Founders are faced with a mountain of decisions to make about their businesses on a daily basis, particularly during the time leading up to an exit event. This reality does not leave them much time to focus on ways to maximize their individual success in the upcoming transaction. However, with expert advice, careful planning, and properly documented valuations, founders can set themselves, their companies, and investors up for a successful exit.
Most founders have heard about the 409A Valuation, which allows companies to issue equity to employees without triggering the negative tax consequences associated with nonqualified deferred compensation outlined in Internal Revenue Code Sec. 409A. However, many founders are not aware that valuations are needed throughout the lifecycle of a startup company and not just as part of the process of granting equity to employees.

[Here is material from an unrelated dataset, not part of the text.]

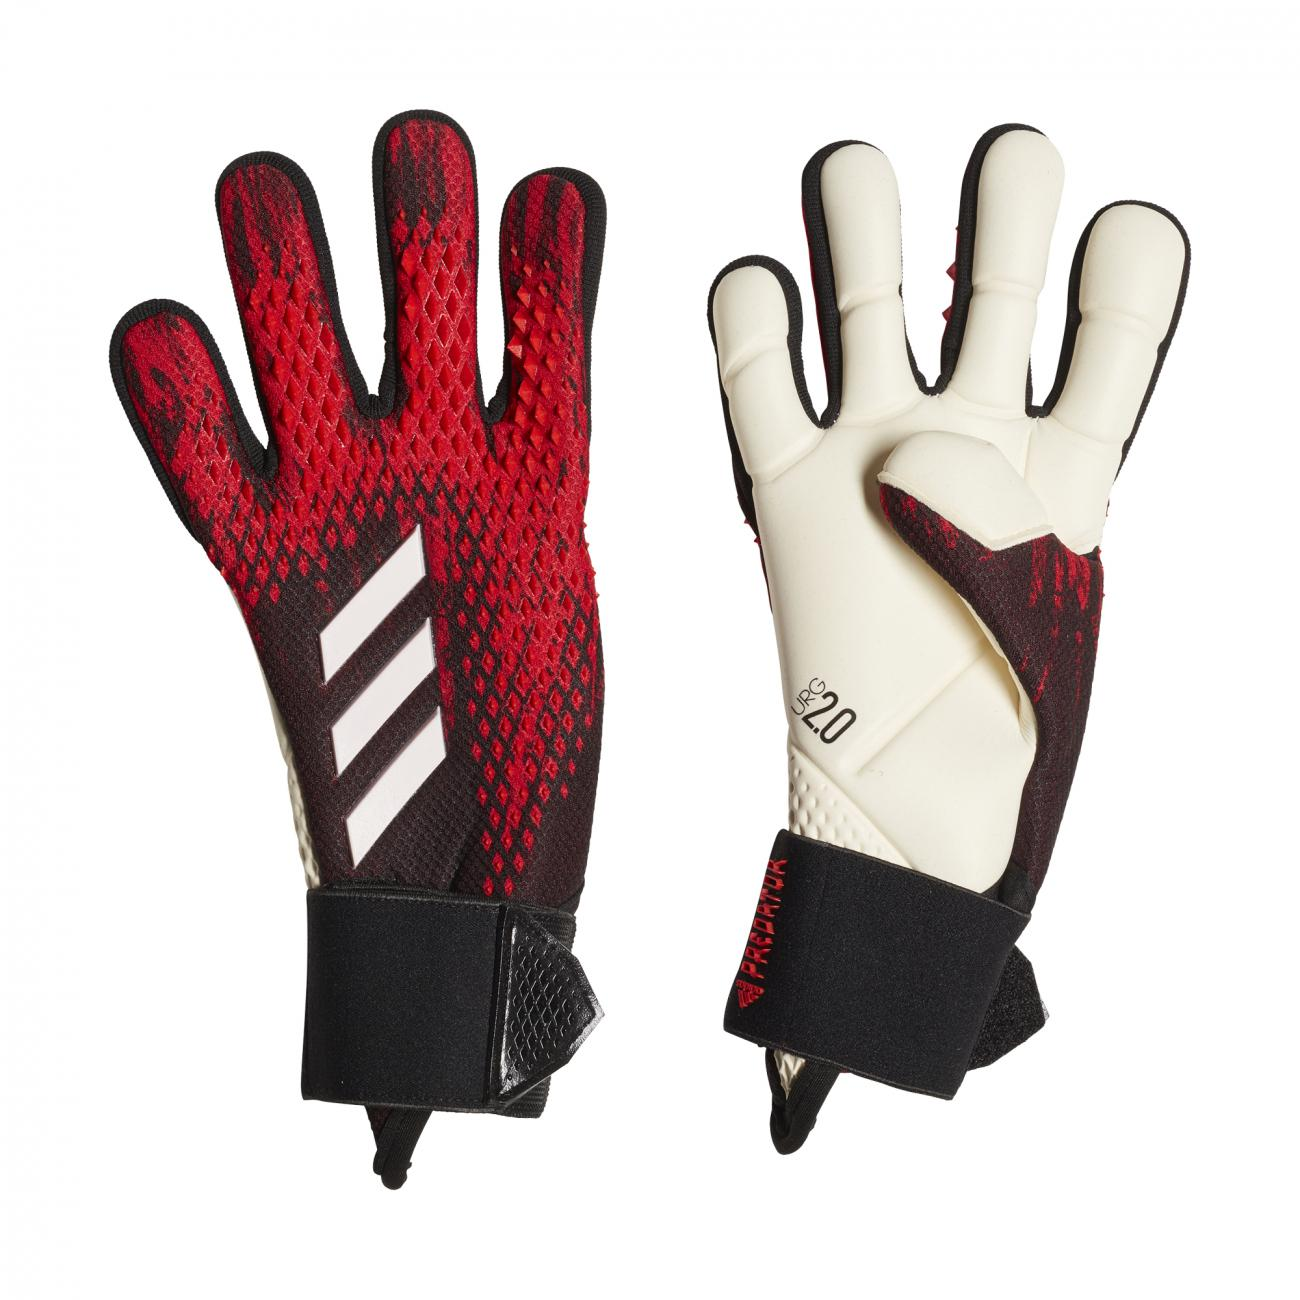 Adidas Predator Pro 20 Jr. online kopen
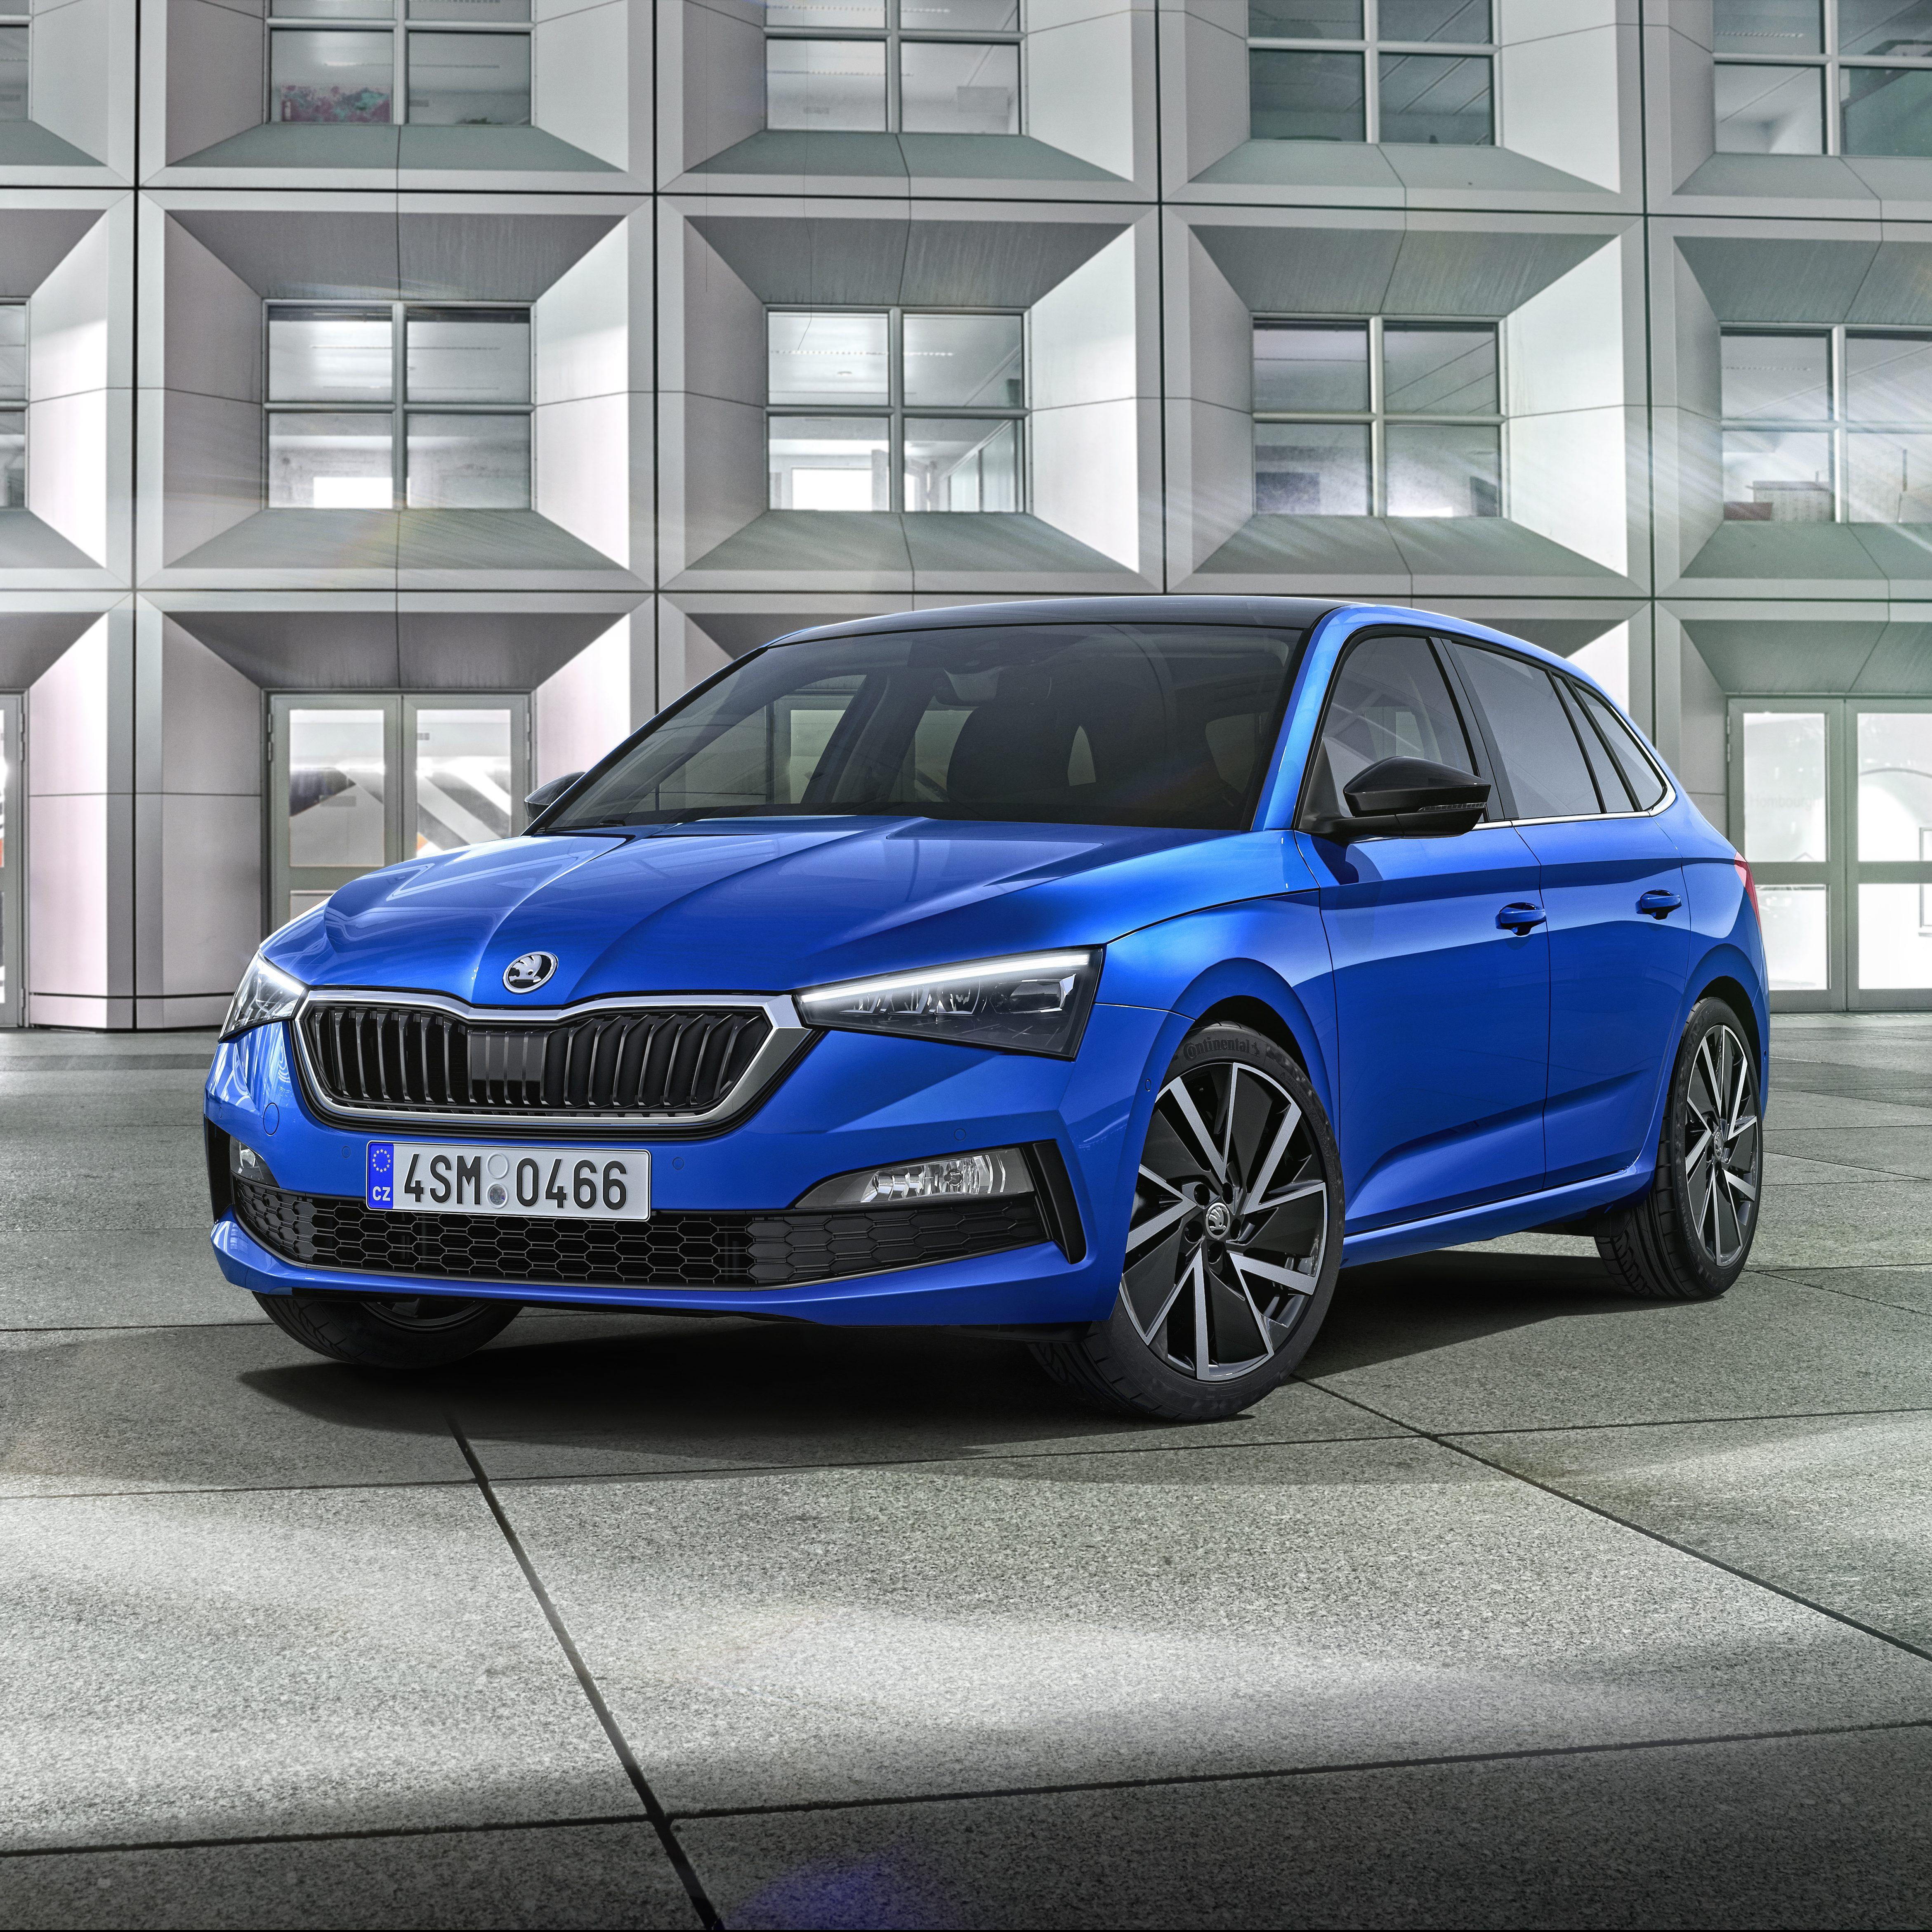 The Škoda Scala New Definition Of Compact Car Segment For Czech Carmaker

As founders approach exit events, such as significant financing rounds, secondary transactions, M&A transactions, or IPOs, proper valuation documentation becomes a critical part of the exit planning process.
QSBS
For founders and investors who meet the requirements for their equity to be considered qualified small business stock (QSBS), the potential tax savings upon an exit event can be substantial. Investors that hold QSBS can shield gains equal to the greater of $10 million or 10x the basis of their shares from federal, and in many cases, state income tax.
Valuations are necessary to document an individual’s basis in situations where illiquid assets, such as intellectual property, are contributed into a C corporation, most commonly upon conversion of a limited liability company into a C corporation. If the fair market value of the individual’s contribution to the C corporation exceeds $1 million, the investor can potentially benefit from shielding from gain an amount equal to 10x their basis, assuming the company’s assets are worth $50 million or less at the investment date. The result could be a substantial benefit of up to $500 million of gain exclusion, in the extreme example of a single investor with a company value of $50 million on the investment date, and a $0 beginning basis.
Gift and Estate Tax Planning
As early as the company’s formation, founders can choose to gift equity interests in their company to trusts set up for the benefit of their heirs. In the earliest stages, the values of the equity interests transferred should be relatively low. However, as the company approaches a liquidity event, the value of the equity interests could increase dramatically.
Valuations consider the stage of the business, any intellectual property created as of the gift date, any recent third-party financings (including SAFE notes, convertible notes, and priced equity rounds), and the revenue-generating capacity of the business, among other factors. As a company nears a liquidity event, not only does the company value increase significantly, but the discount for lack of marketability associated with the shares declines, further increasing the per-share value. In addition, appraisers must assess what is known and knowable as of the valuation effective date. For example, if the company has received a term sheet related to a possible investment or acquisition, the appraiser must consider the offer as a data point in the appraisal.
Founders need quality gift tax appraisals documenting the fair market value of their gift to file their gift tax return and take advantage of their lifetime exemption, currently set a $13.99 million per individual. Without a contemporaneous gift tax appraisal, it cannot be guaranteed that the statute of limitations will run on the gift, potentially allowing the IRS to challenge the value for an indefinite period of time. The earlier in a company’s lifecycle that the founder gifts shares, the lower the value of the gift and the greater the ability to maximize the use of the lifetime exemption.
Charitable Donations
As founders approach a potential liquidity event, such as a secondary offering in connection with a significant funding round, an M&A transaction, or an IPO, philanthropically minded individuals may want to consider donating equity interests in their company to charity. This donation allows the individual to benefit from a charitable deduction related to the gift and to pass along value to the charity, which does not need to pay capital gains tax in a potential transaction.
Before making such a donation, the individual should consult their tax advisor to avoid triggering assignment of income treatment on their donation. The donation of equity interests needs to be made while there is still a risk that the potential liquidity event might not be successful. If not, any taxable income associated with the liquidity event could be imputed back to the taxpayer. The earlier in the process that the founder can effectuate the donation, the stronger the support for the charitable deduction.
Valuation plays a crucial role in pre-transaction charitable contributions. Valuations at this stage often involve scenario analysis that takes into account the possibility of a near-term exit and documents the risks related to the transaction being successful. A qualified appraisal prepared by a qualified appraiser is required to be attached to the income tax return in which the deduction is taken, along with a signed Form 8283, Noncash Charitable Contributions. Qualified appraisals must meet rigorous IRS standards, and qualified appraisers are personally subject to financial penalties if the IRS determines that their appraisal results in a substantial or gross valuation misstatement. If these requirements are not met, the IRS can deny 100% of the charitable deduction, even if they agree the charity received the donated asset and its value was as reported on an income tax return.
Takeaway
Founders have a number of tools available to maximize their wealth creation and wealth transfer objectives. Careful preparation before liquidity events can enable founders to achieve their desired goals. Quality appraisals play a key role in the process of supporting these objectives.